→ **PROBLEM REQUIREMENTS**
Reproduce exactly only the lines from the line that holds "Greek Lamb and Feta Salad" to the line that holds "American Fleece Flamé Sweater", inclusive, in the listing below, and please leave out every picture.

→ **DATA FOR THIS TASK**

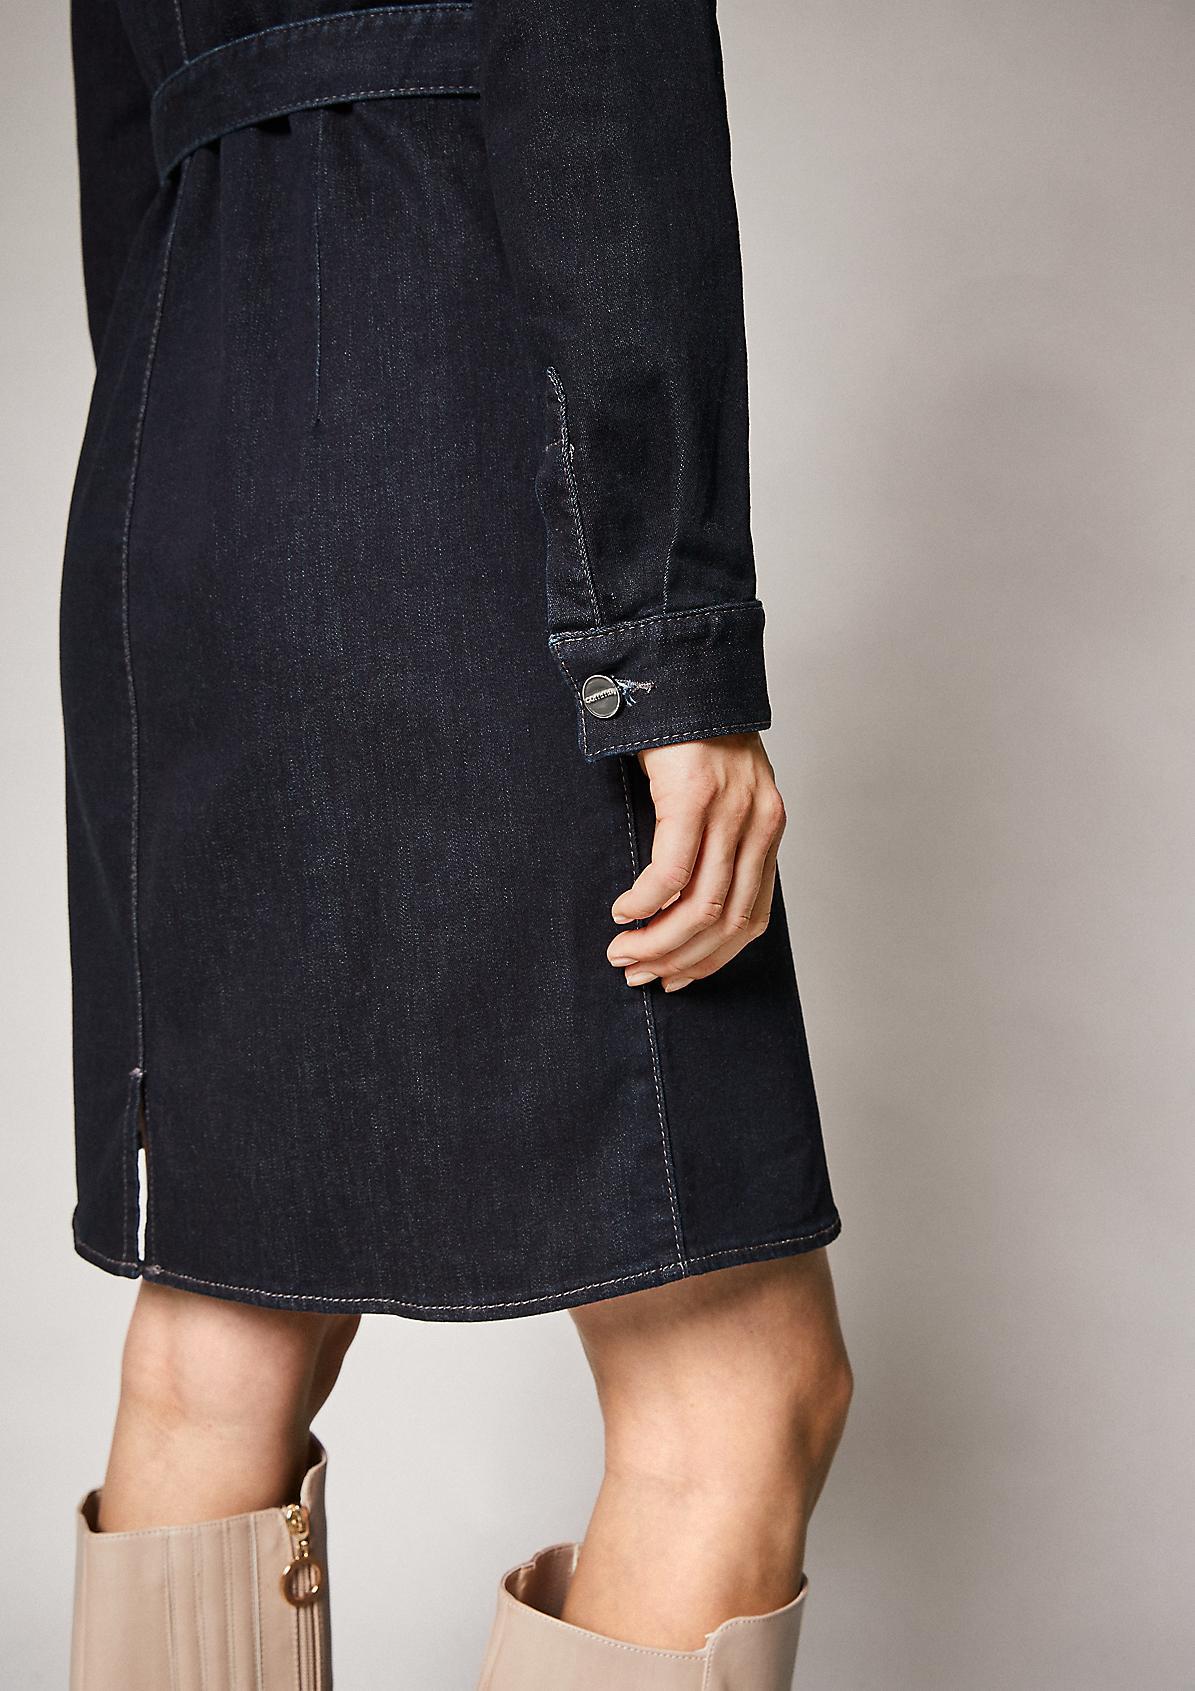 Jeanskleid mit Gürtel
* * *
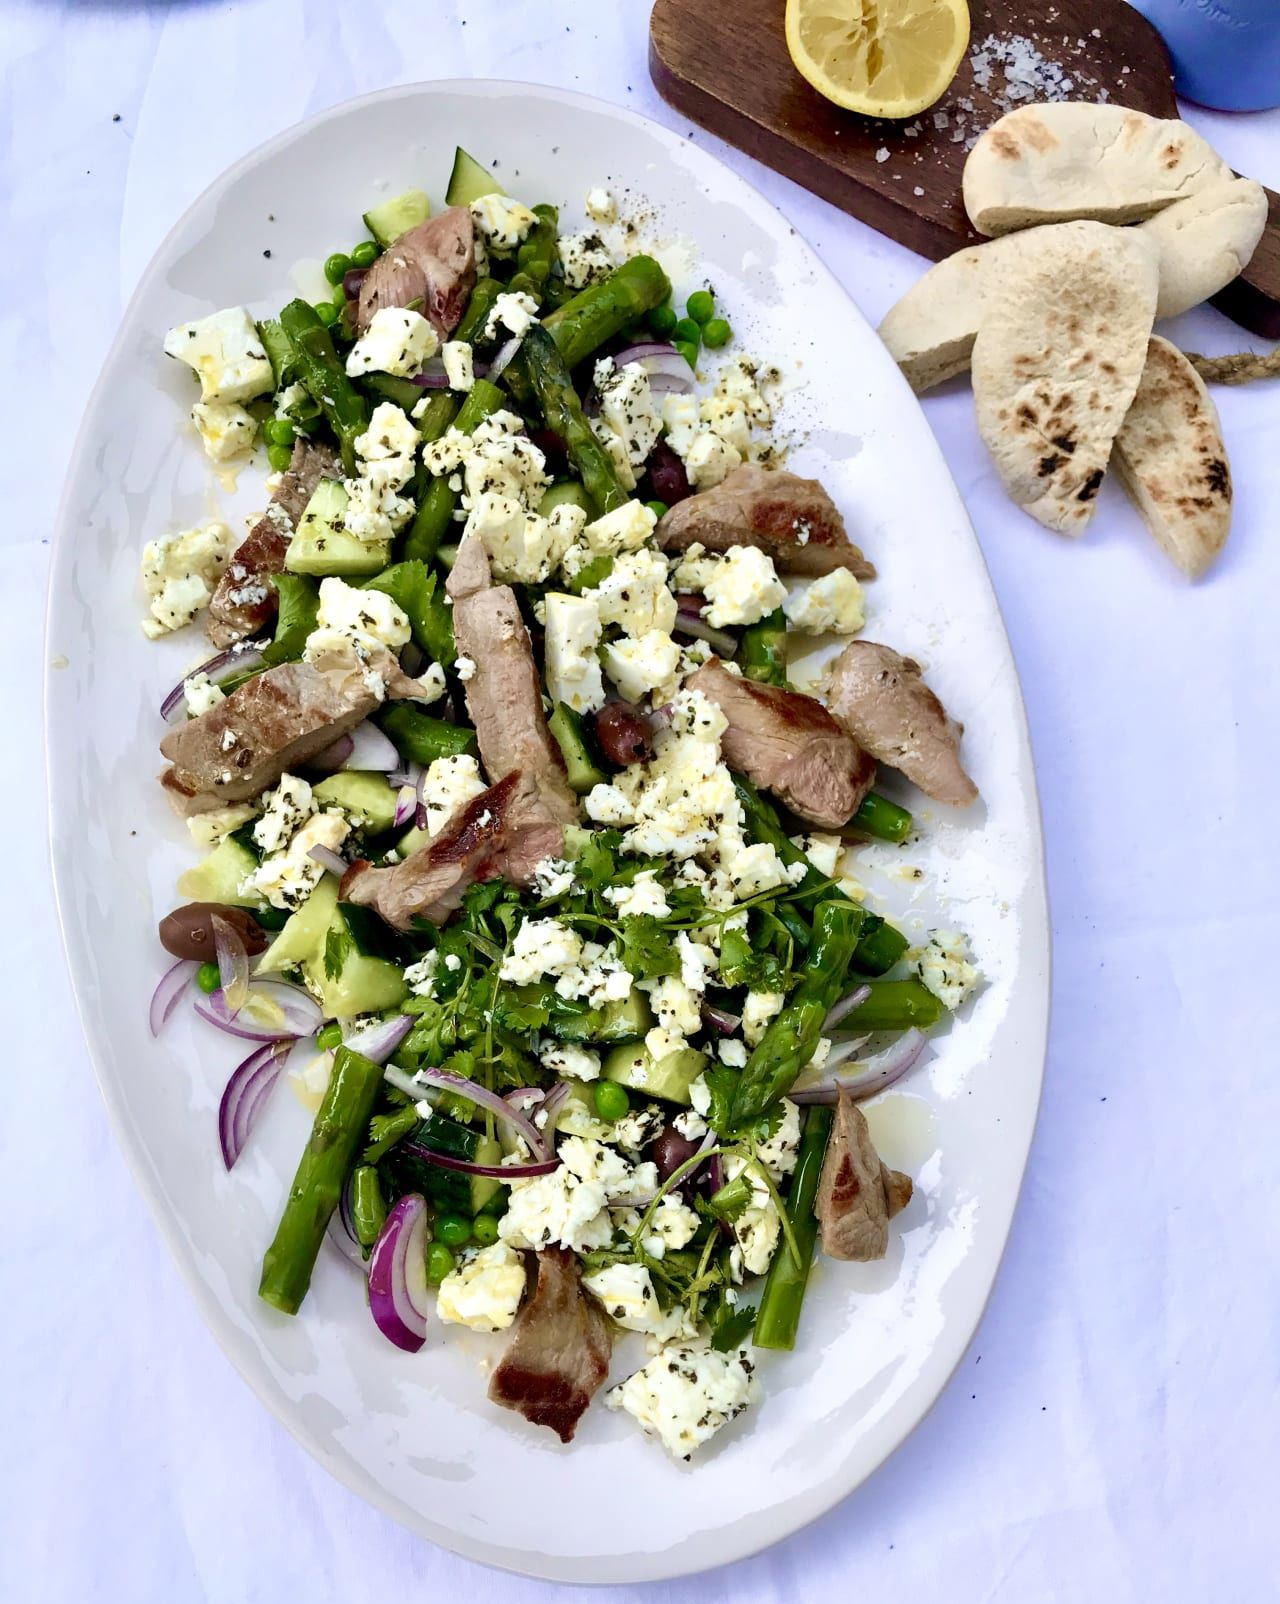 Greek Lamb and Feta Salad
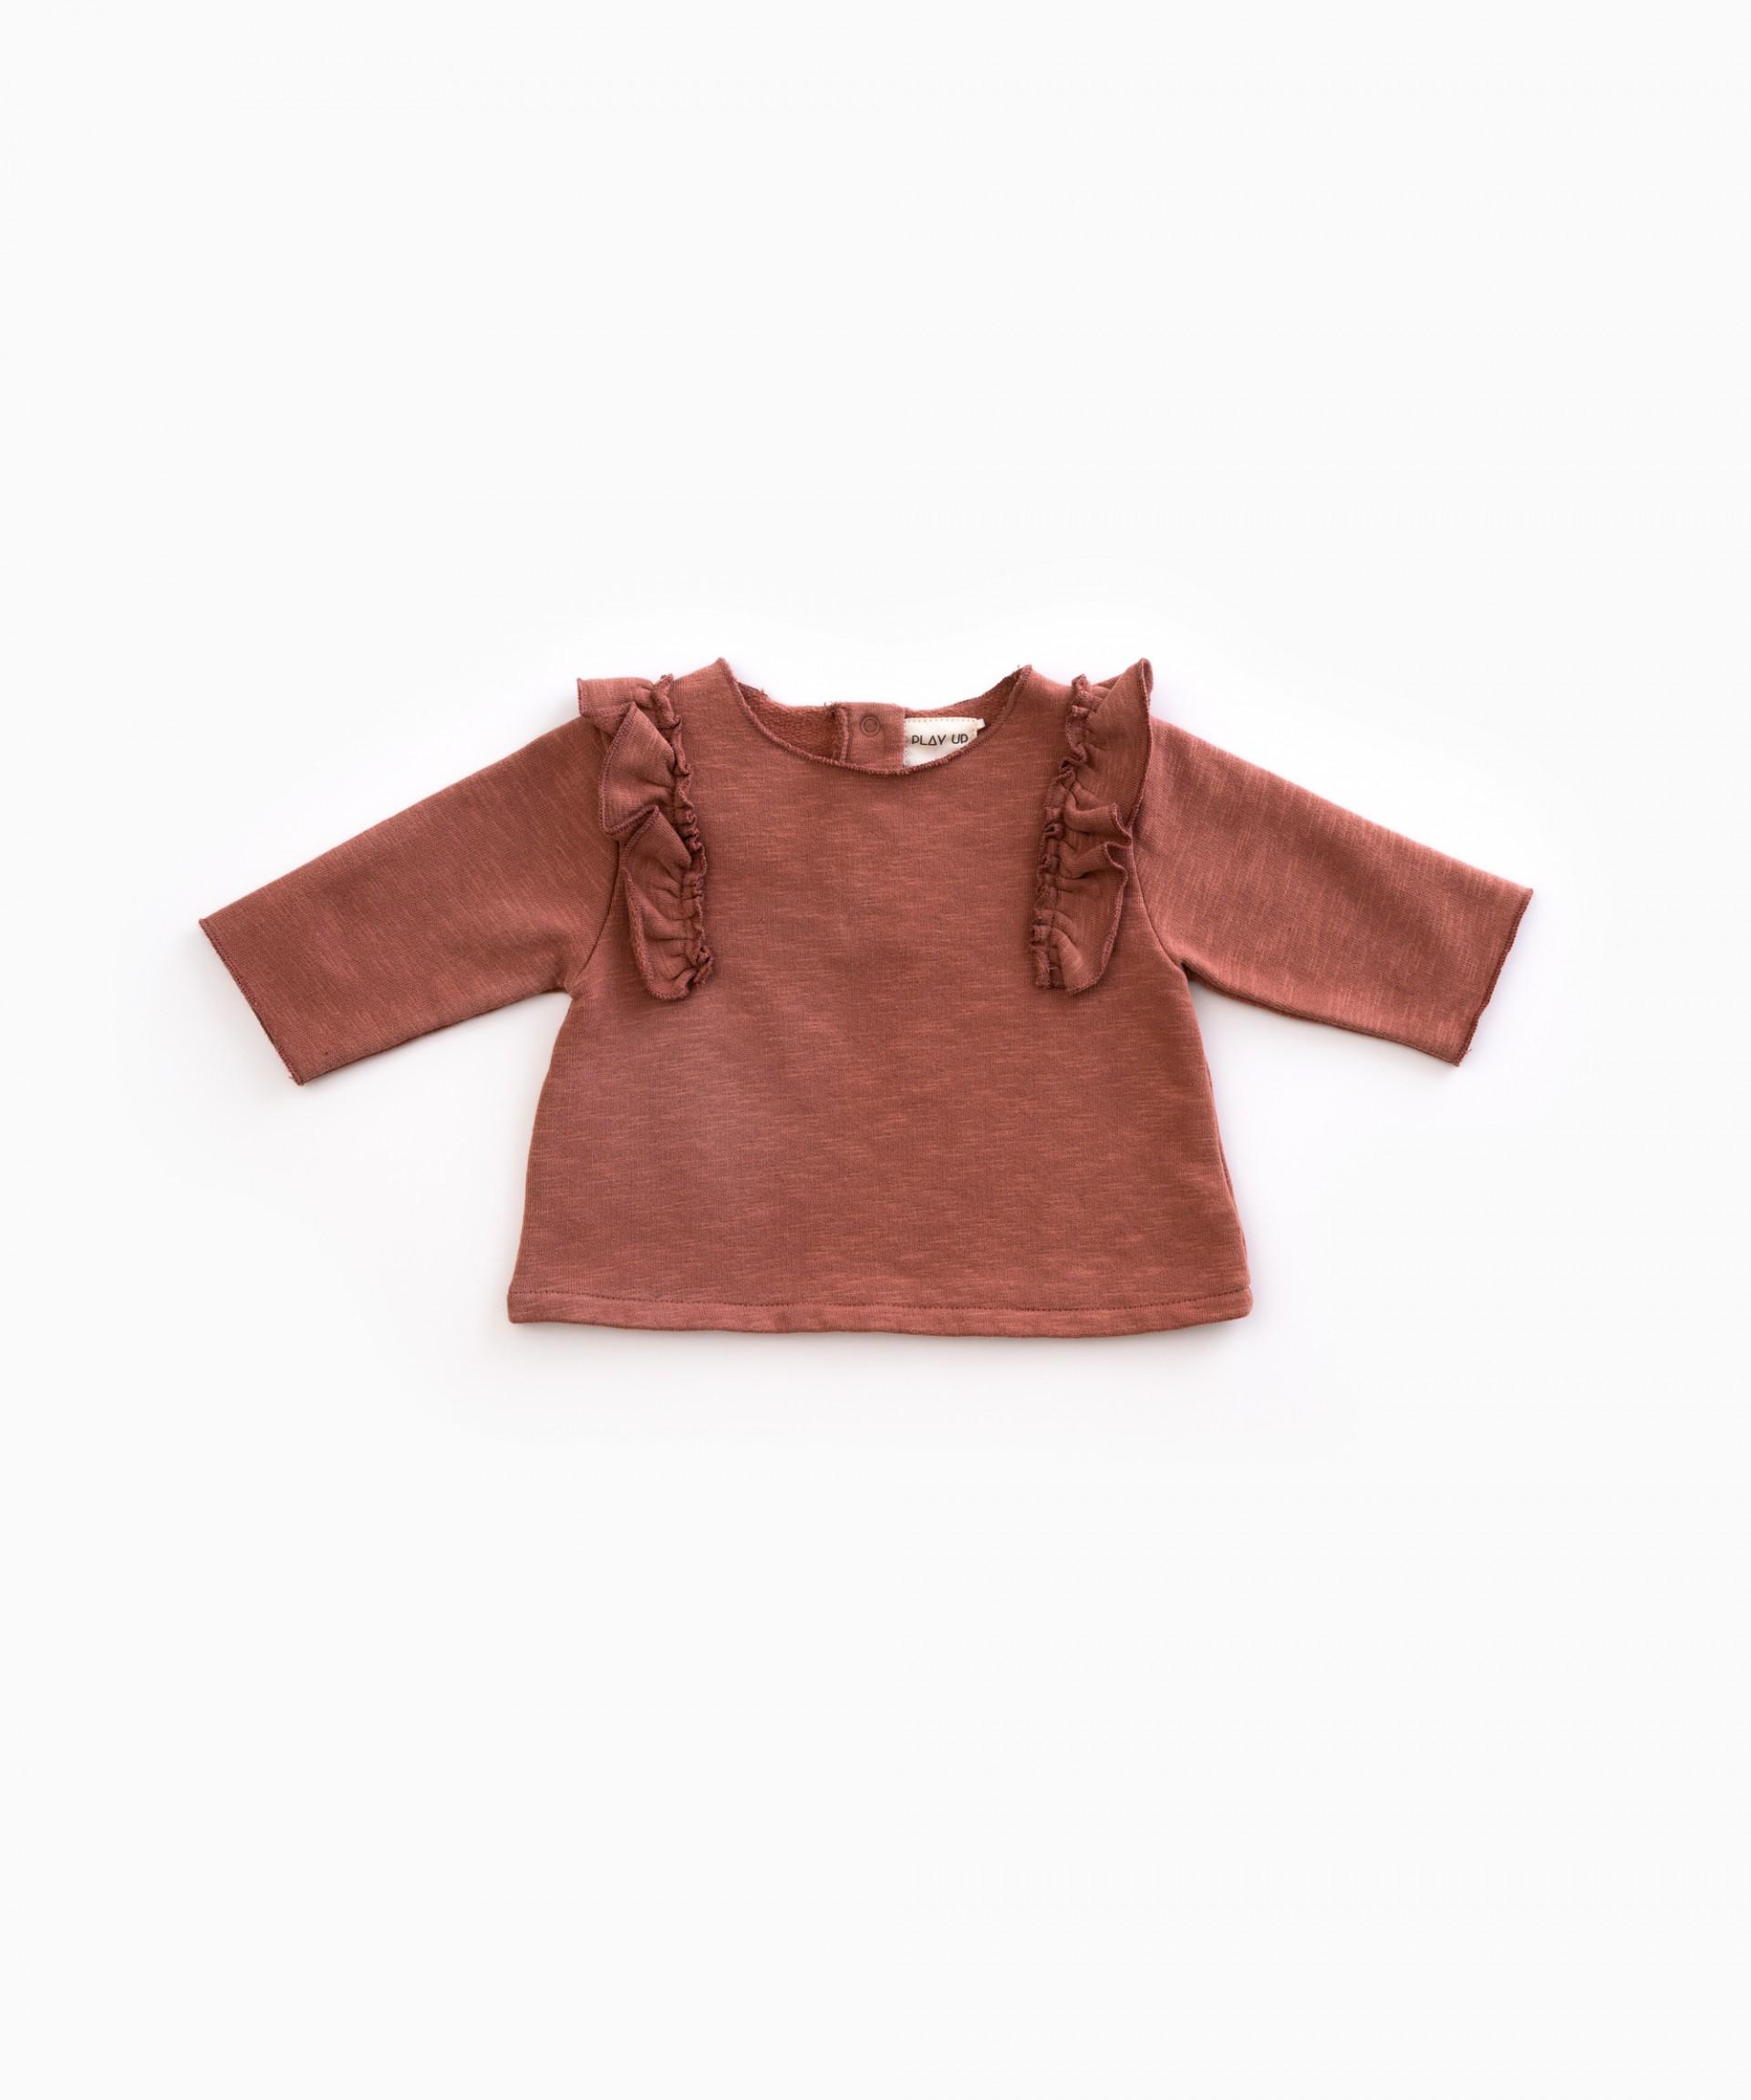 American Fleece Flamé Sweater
* * *
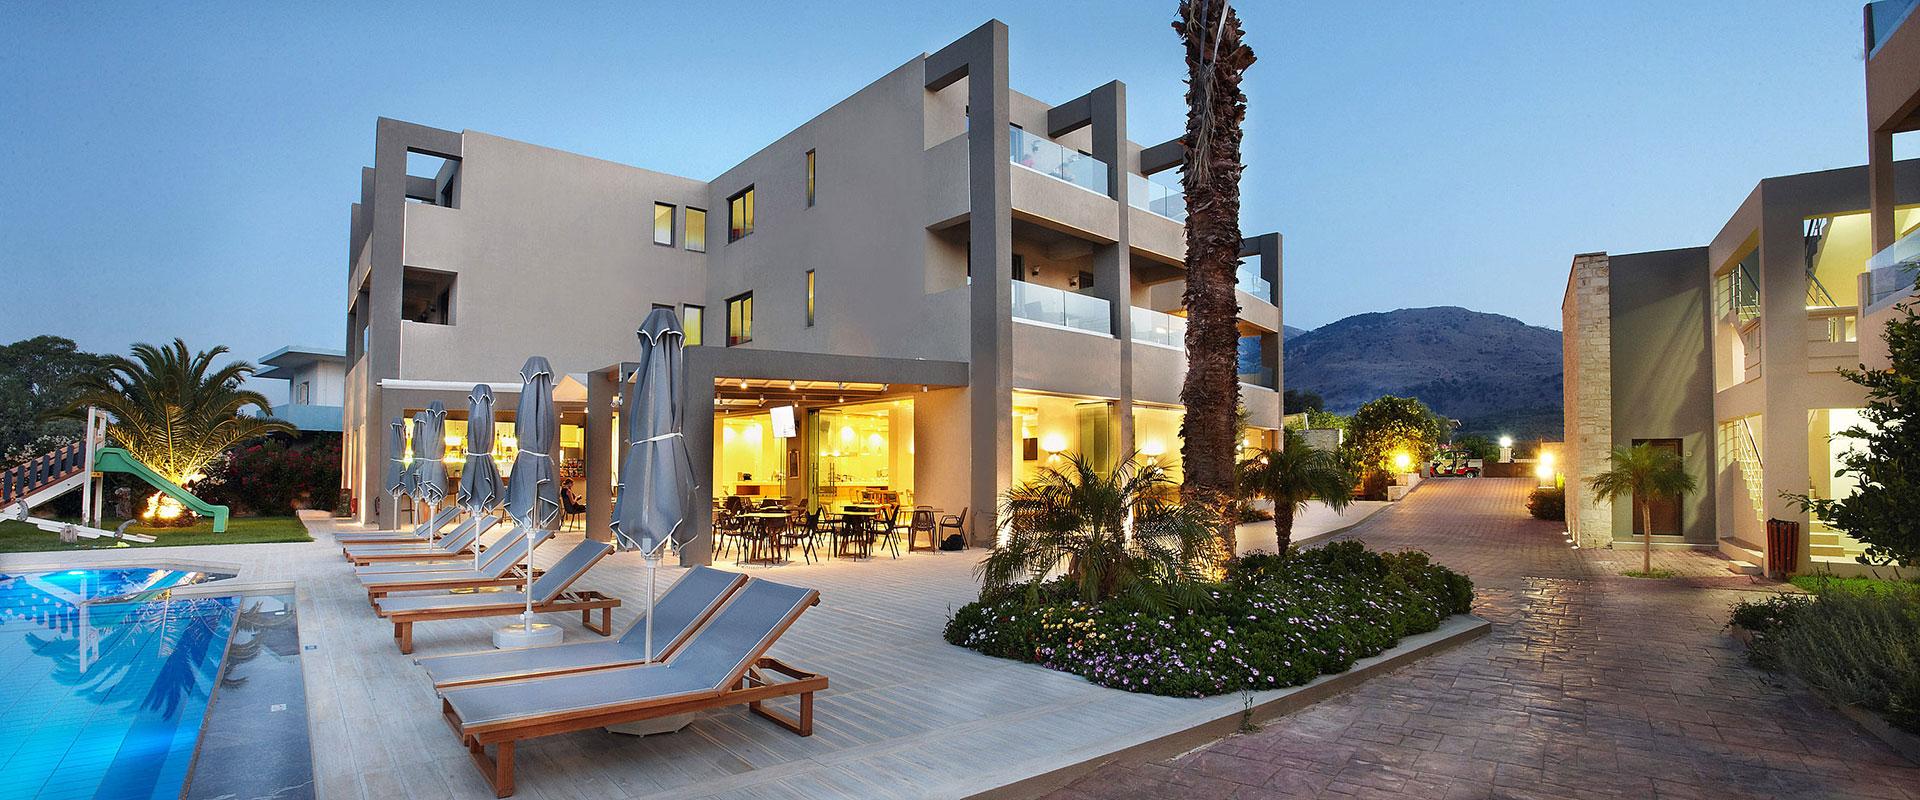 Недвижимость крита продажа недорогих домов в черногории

→ **RESPONSE TO THE EXERCISE**
 Greek Lamb and Feta Salad
 American Fleece Flamé Sweater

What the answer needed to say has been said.